Wednesday, September 15, 2010

trigeminal neuralgia


last night's sleep is restless and pain wakes me throughout the night. my head is in a vice. a throbbing hold on my the left side of my jaw. my left. today i'm a sleep-deprived zombie, still experiencing pain. it comes and goes. right now it's alseep, dormant, but likely to return. it visits unexpectedly, inconveniently, like when i'm teaching.

it's been visiting for some months, but its visits are more frequent and intense now. i visited my dentist and he thinks it might be this.

i'm now in that limbo zone of 'almost diagnosed'. i read myself into the lists of symptoms and pain experiences that the internet offers. a different kind of research today. but not that different - i'm still looking for texts, links, and grappling for some sort of coherence. i learn that it's most common in women over 50. that's not me, so maybe i'm safe. but there are exceptions. until tuesday, i'll keep reading.

elsewhere, i sneeze from hayfever, my eyes itch, and my nose infrequently drips.

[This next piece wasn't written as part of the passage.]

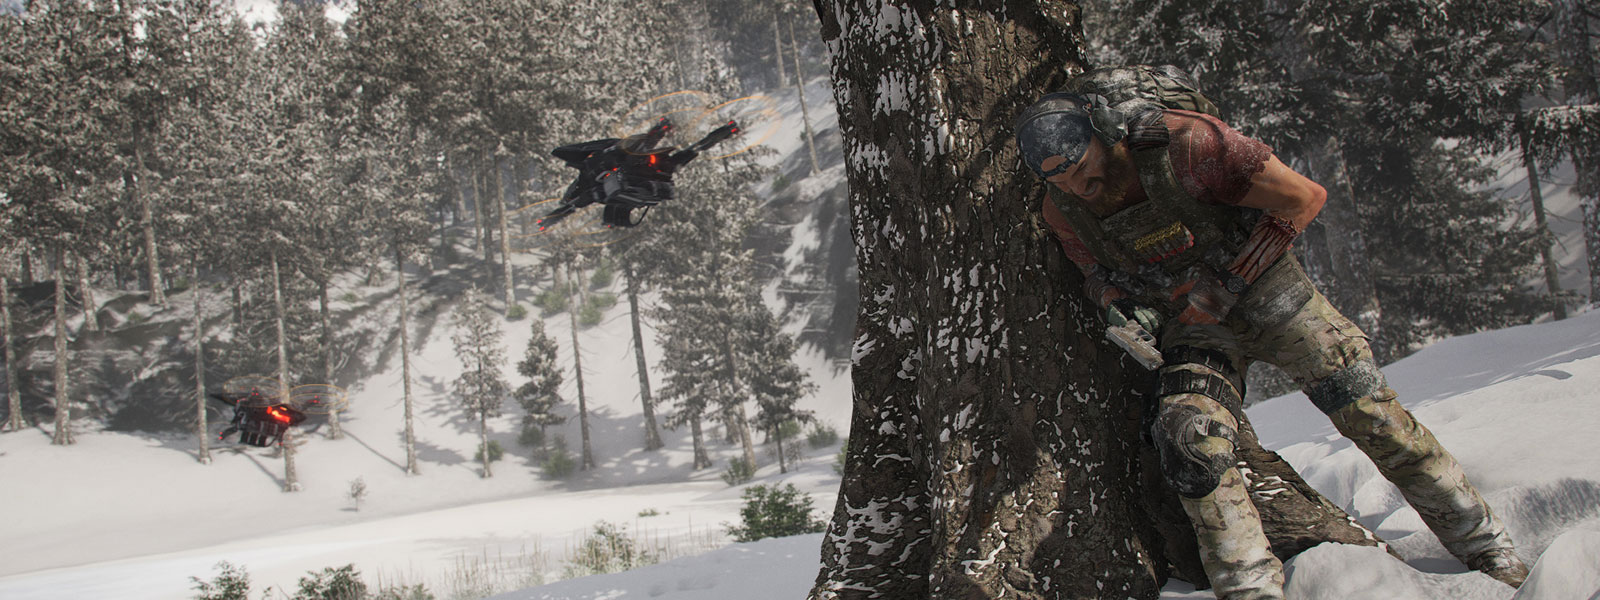 Charakter in militärischer Ausrüstung, der sich hinter einem Baum in einer verschneiten Landschaft mit zwei Drohnen versteckt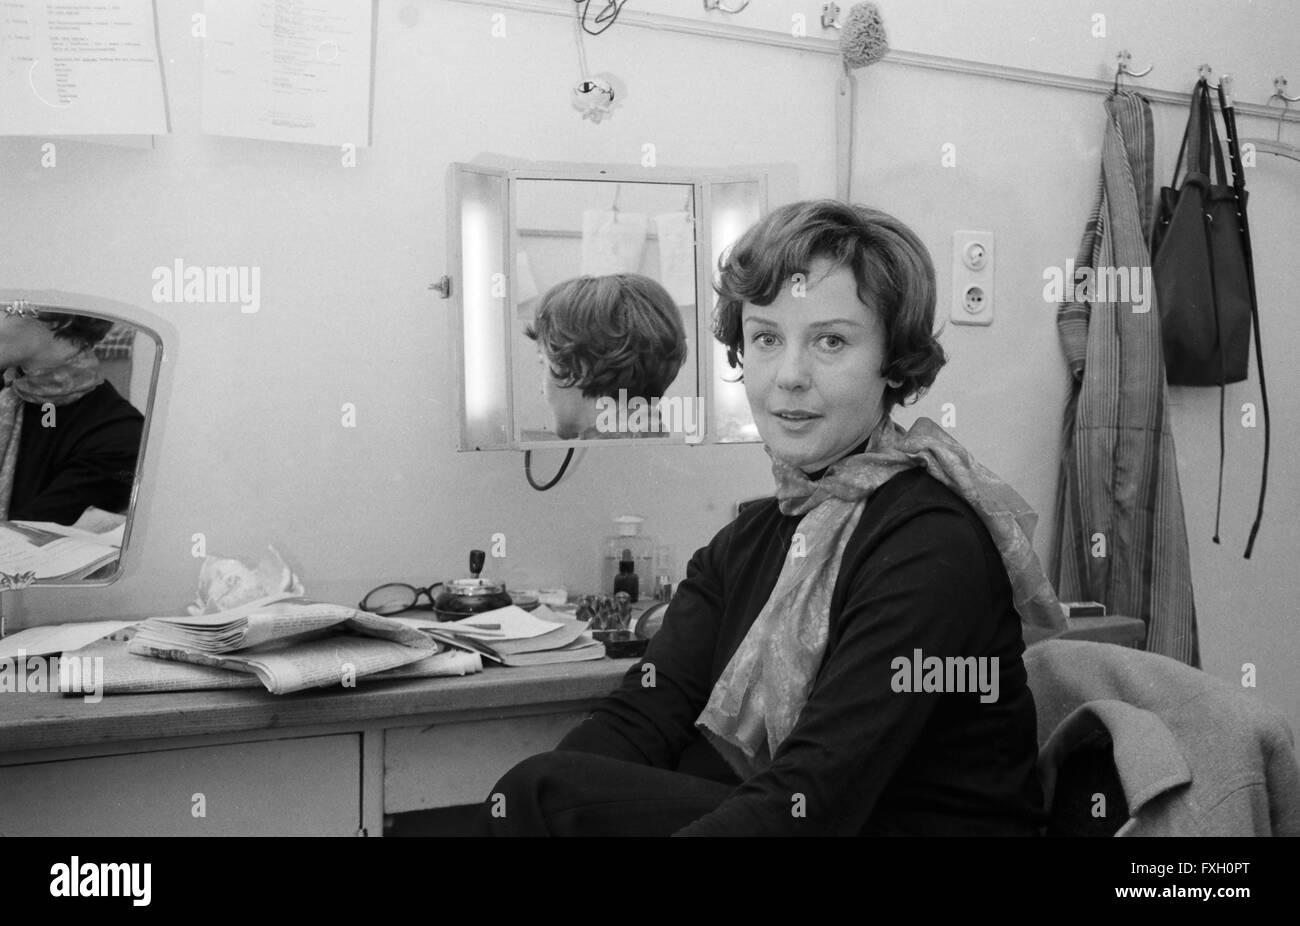 Deutsche plant Doris Schade, Deutschland 1970er Jahre. Die deutsche Schauspielerin Doris Schade, Deutschland 1970. Stockfoto

elsewhere, in today's swim, three boys invade my lane. i want to say "spread yourselves out, there are other lanes". but you can't talk when your face is underwater. a few laps in and it seems okay. a rhythmic pace. until i collide. my hands hit flesh near the shallow end, sending a shock wave through my body that cripples my lower legs. if i was in a comic book my feet would be closer to my knees, legs like a closed accordion. i can no longer kick. i take a break and slowly stretch to ease the pain.

i ache and limp and drip. today my body is falling apart. but still, at least i have my health.

Friday, September 10, 2010

in defence of theory (a rant)

apologies for what you're about to read. it's a rant inspired from my experience of listening to 5 old white men talk about knowledge and intellectualism today.

it's 5 men. 2 have just published books. all are cynical about post-structuralism and calling for a state of emergency in academia - "what are we teaching these kids? the kids are 'bluffing'! they don't need to be drawing on all that theory, particularly if they don't understand it properly. give them a copy of Wittgenstein and a slap on the wrists!"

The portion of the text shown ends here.